蓮はこの後粗方観賞を済ませたと言いながら戻ってきたが、恐らくどこかで俺たちの会話を聞いてしまったのだろう。そうして寧の弱点を知ったのだ。この秘密を知るのが屋敷内部の者だけである以上、蓮がそれを知る機会はこの時以外に思い当たる節はない。
「失態を犯したことよりも皆が庇ってくれたのが余計に辛かったな。責めてくれた方が気は楽だったと思う」
「そうだな。だが、あの時の君は事件のショックでかなり陰鬱な状態だった。追い打ちをかけたくはなかったんだろう」
一連の流れに心の整理をつけられなかった俺は糾弾する声に対してろくに反論をしなかった。このまま大人しく罰を受けたいと望んでいたのだ。そうすれば区切りをつけられる気がしたからだ。

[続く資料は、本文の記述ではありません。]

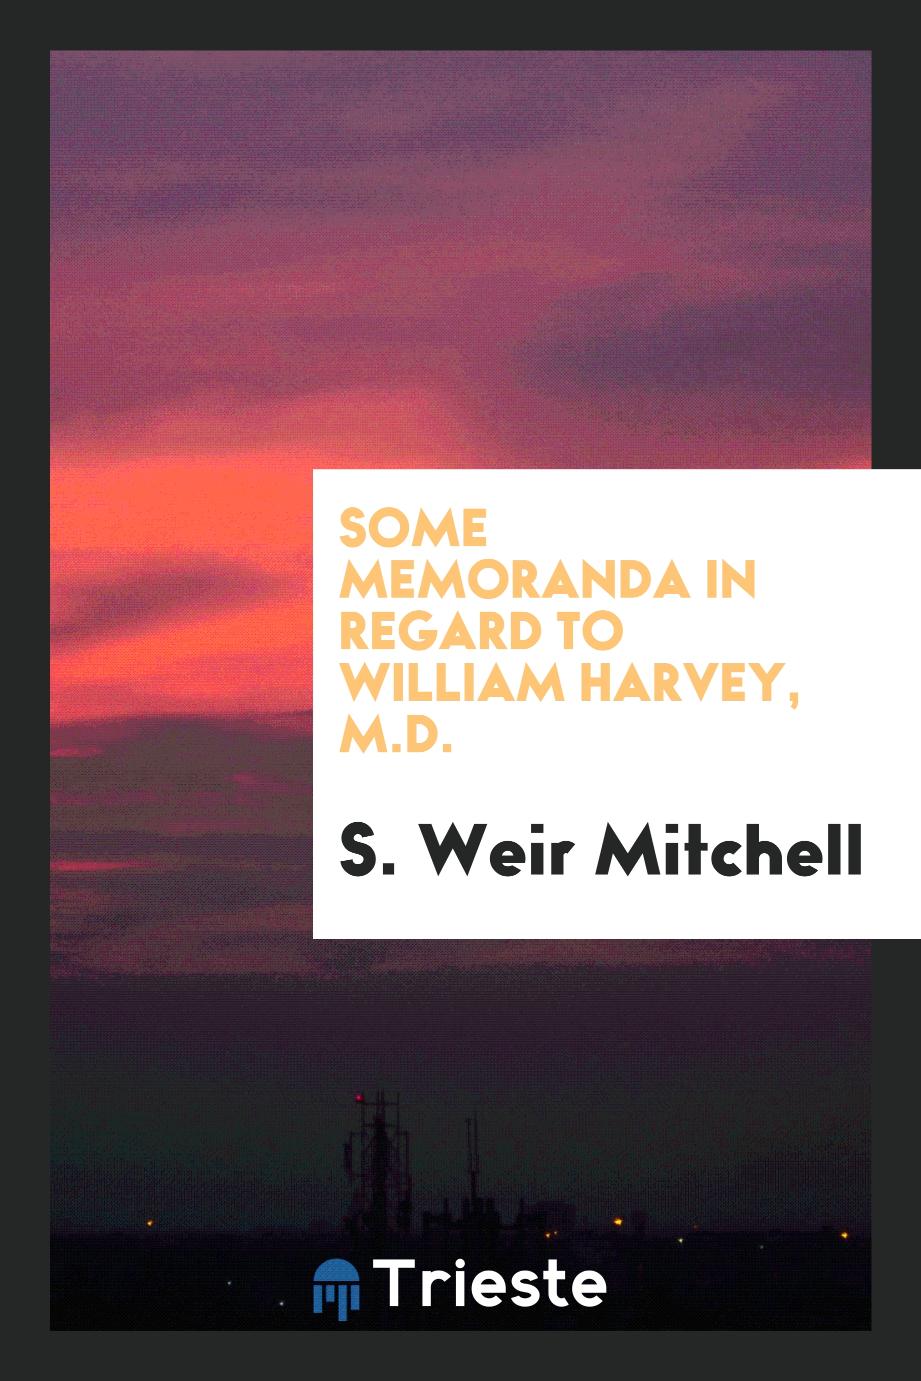 S. Weir Mitchell - Some Memoranda in Regard to William Harvey, M.D.

その願いに反して外部はともかく礼司さんたちは寧ろ俺を気遣ってくれた。後から聞いたところによれば、寧は自分自身の油断と浅慮な行動にも非があると主張して俺への風当たりを弱めてくれたらしい。
「由貴を責めた連中には蓮の共犯者じゃないかと疑いをかける奴も少なくなかった。放置すれば面倒な状況になる恐れもあったから、擁護してくれたのは有難かった」
「それでも結局は屋敷を追い出されたのだろう? 何と言えばいいのか……残念だったな」
適切な慰めの言葉を探る雫に、俺は首を振って答える。
「いいさ、今はこうして戻ってくることができたんだ」
「その通りだとも。もう片付いた話だ」
片付いた話――確かに俺に関する問題はそれでいいかもしれない。
しかし、本質的な話はそういうわけにもいかない。それは凪砂さんも承知しているだろう。

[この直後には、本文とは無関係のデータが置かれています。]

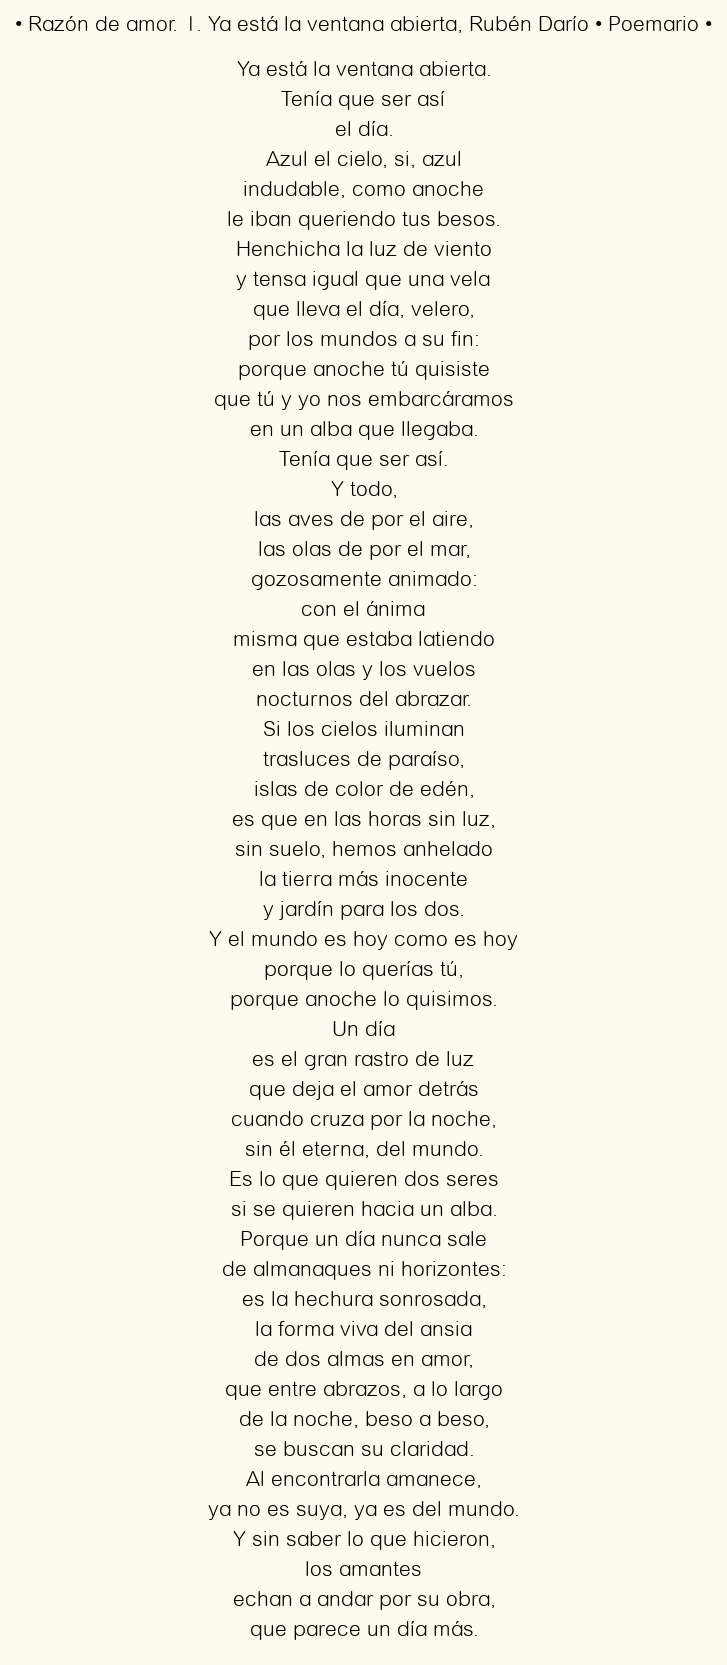 Imagen con el poema Razón de amor. 1. Ya está la ventana abierta, por Pedro Salinas

「それじゃあ話を続けよう。寧の証言には怪しい箇所があったが、最終的にそれらは大きな問題にはならないとされた。理由は二つ。第一に、寧と蓮が何か理由があって公園に行ったとしても、それ自体が事件に関与しているとは考えにくいと判断されたから」
「……公園に誘い出した理由そのものはあくまでプライベートな事情に過ぎない、ということですか?」
「そうだ。他人には言えないような事情があるなら、それをネタに脅されたら従わざるを得ないこともある。そうなるとちょっと難しい話になってしまう。御影家の跡取りに纏わる赤裸々なアレコレを暴くのは如何なものか? そう考えた捜査陣は及び腰になってしまったのさ」
「しかし、それが蓮くんの動機に繋がる可能性だって――」
「かもしれないな。だが、それは検討されなかった」
雫の反論は途中で遮られた。
「由貴や紫の証言からあの二人の間に“何か”があったのはまず間違いない。しかし、捜査ではそこに深入りすることはなかった。何故だかわかるかい、雫さん?」
「何故って……?」
強調するようにゆっくり説明する凪砂さんに、雫はただならない雰囲気を感じ取ったらしい。
凪砂さんは瞳の奥に怒りを滾らせた。